ABOUT THIS TASK
Go through the listing below and repeat it exactly, dropping the pictures.

SOURCE DATA
++++++++++

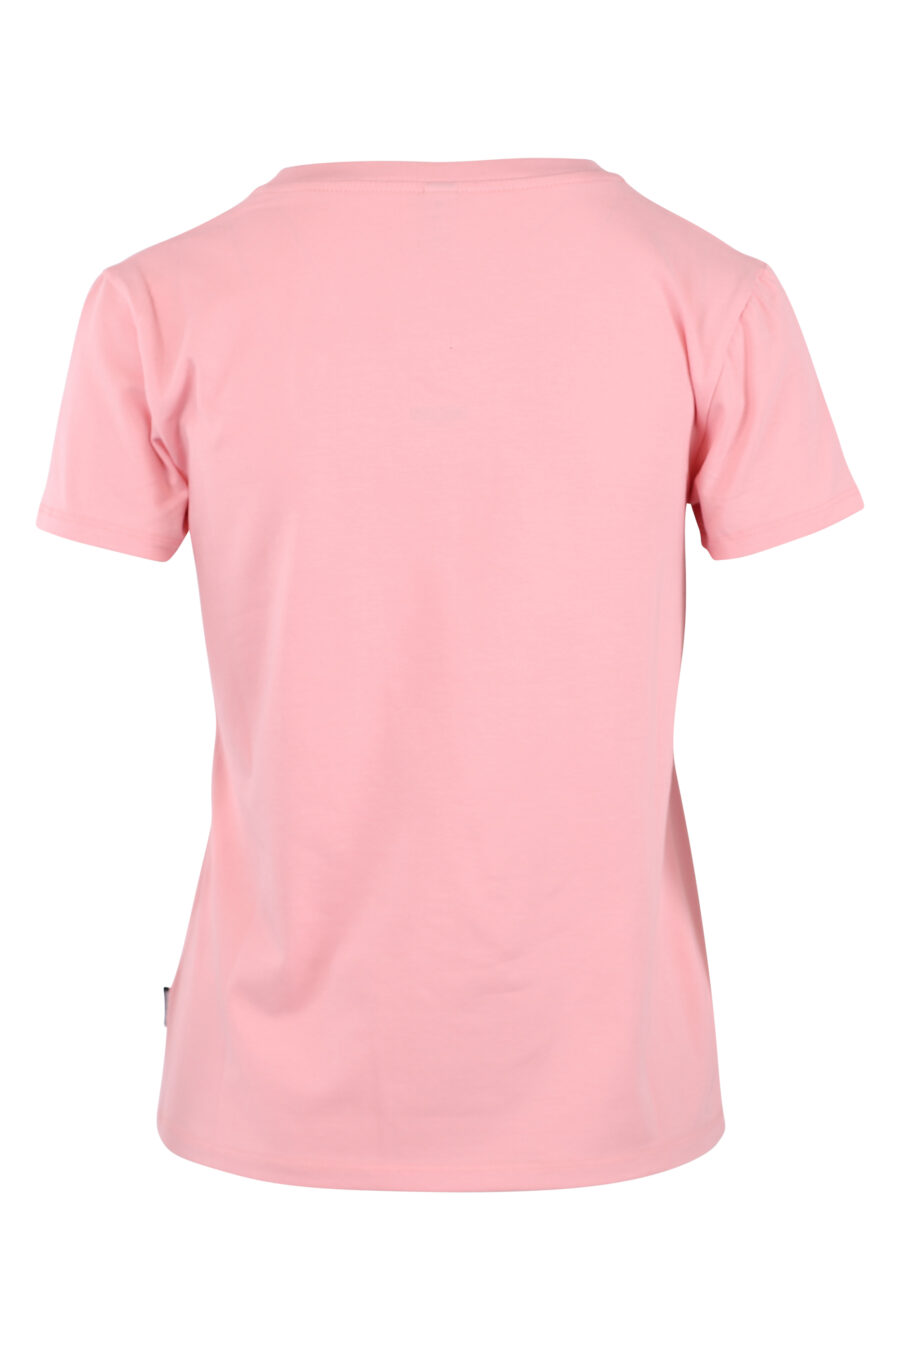 Camiseta rosa con logo oso pequeño - IMG 6238
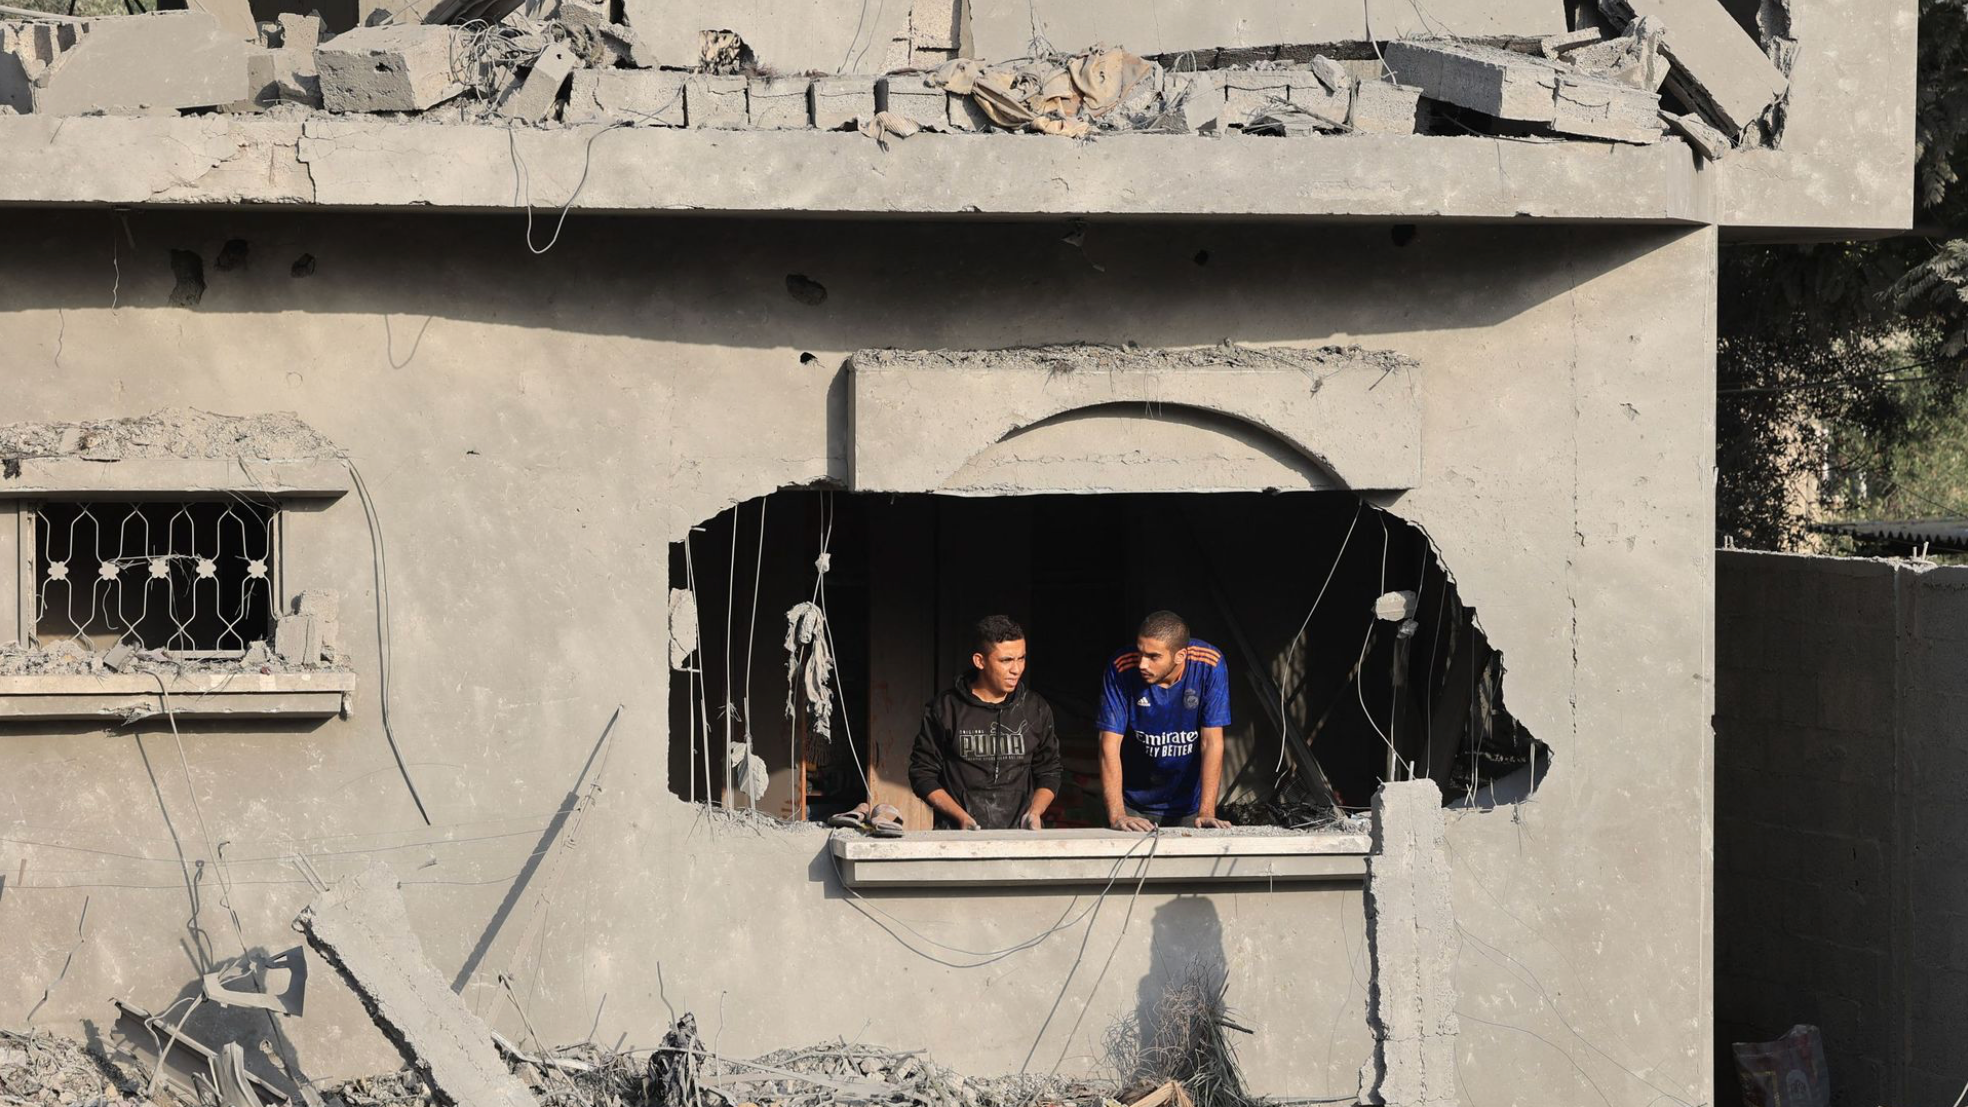 حكومة الاحتلال اتخذت قراراً احتلالياً كبيراً له تداعيات على مستقبل قطاع غزة
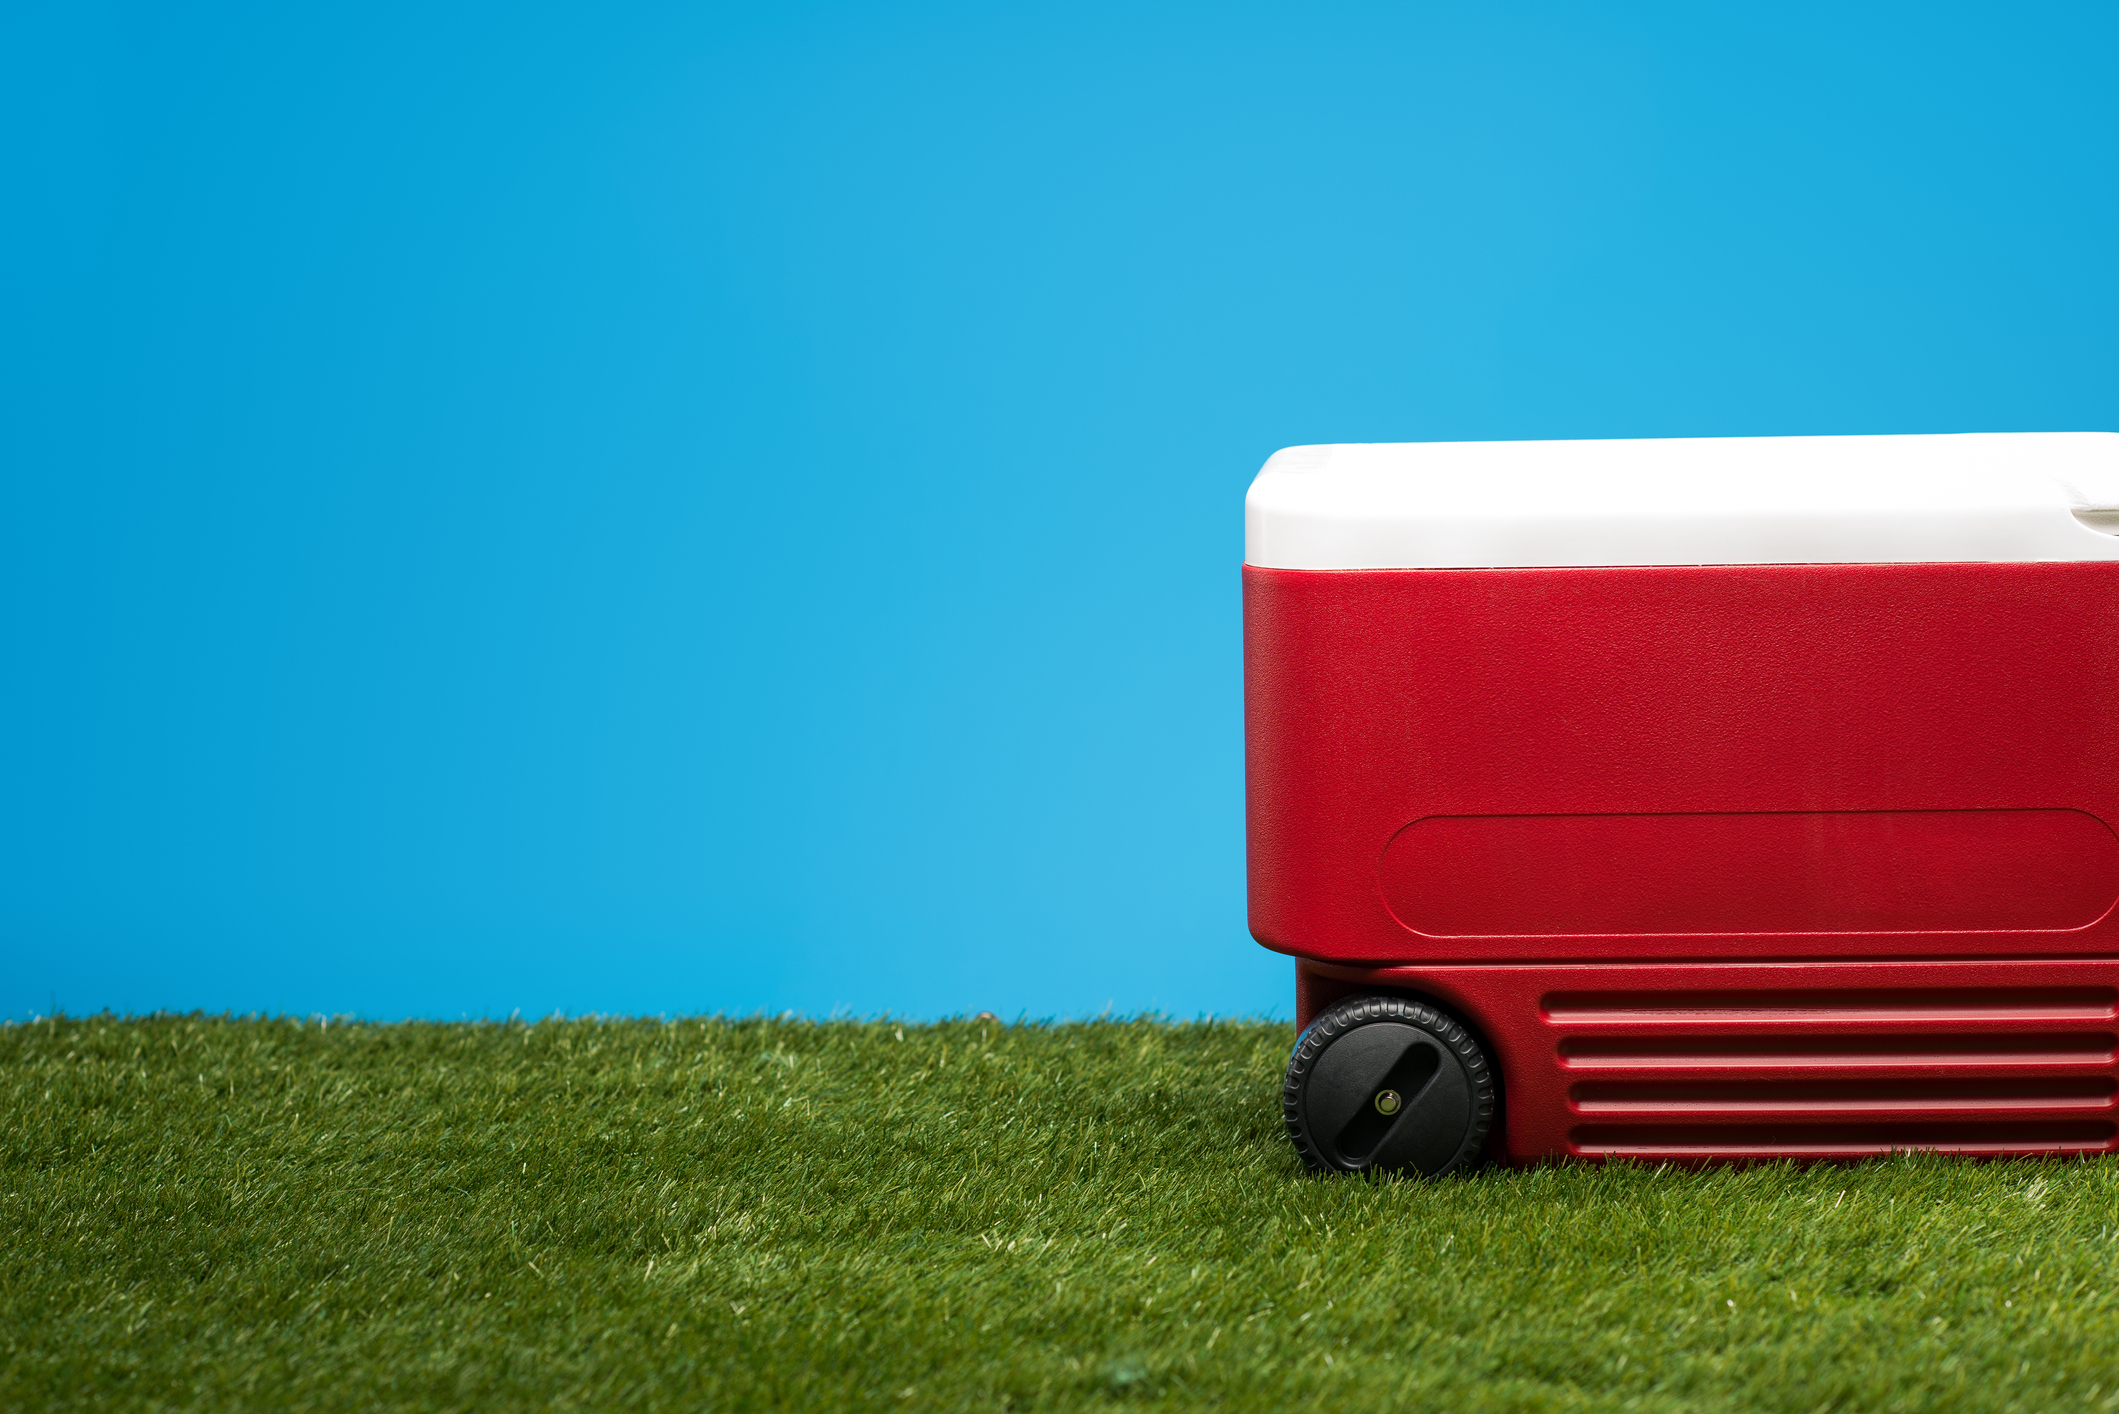 Cooler on grass

++++++++++

RESULT BELOW
 Camiseta rosa con logo oso pequeño - IMG 6238
 حكومة الاحتلال اتخذت قراراً احتلالياً كبيراً له تداعيات على مستقبل قطاع غزة
 Cooler on grass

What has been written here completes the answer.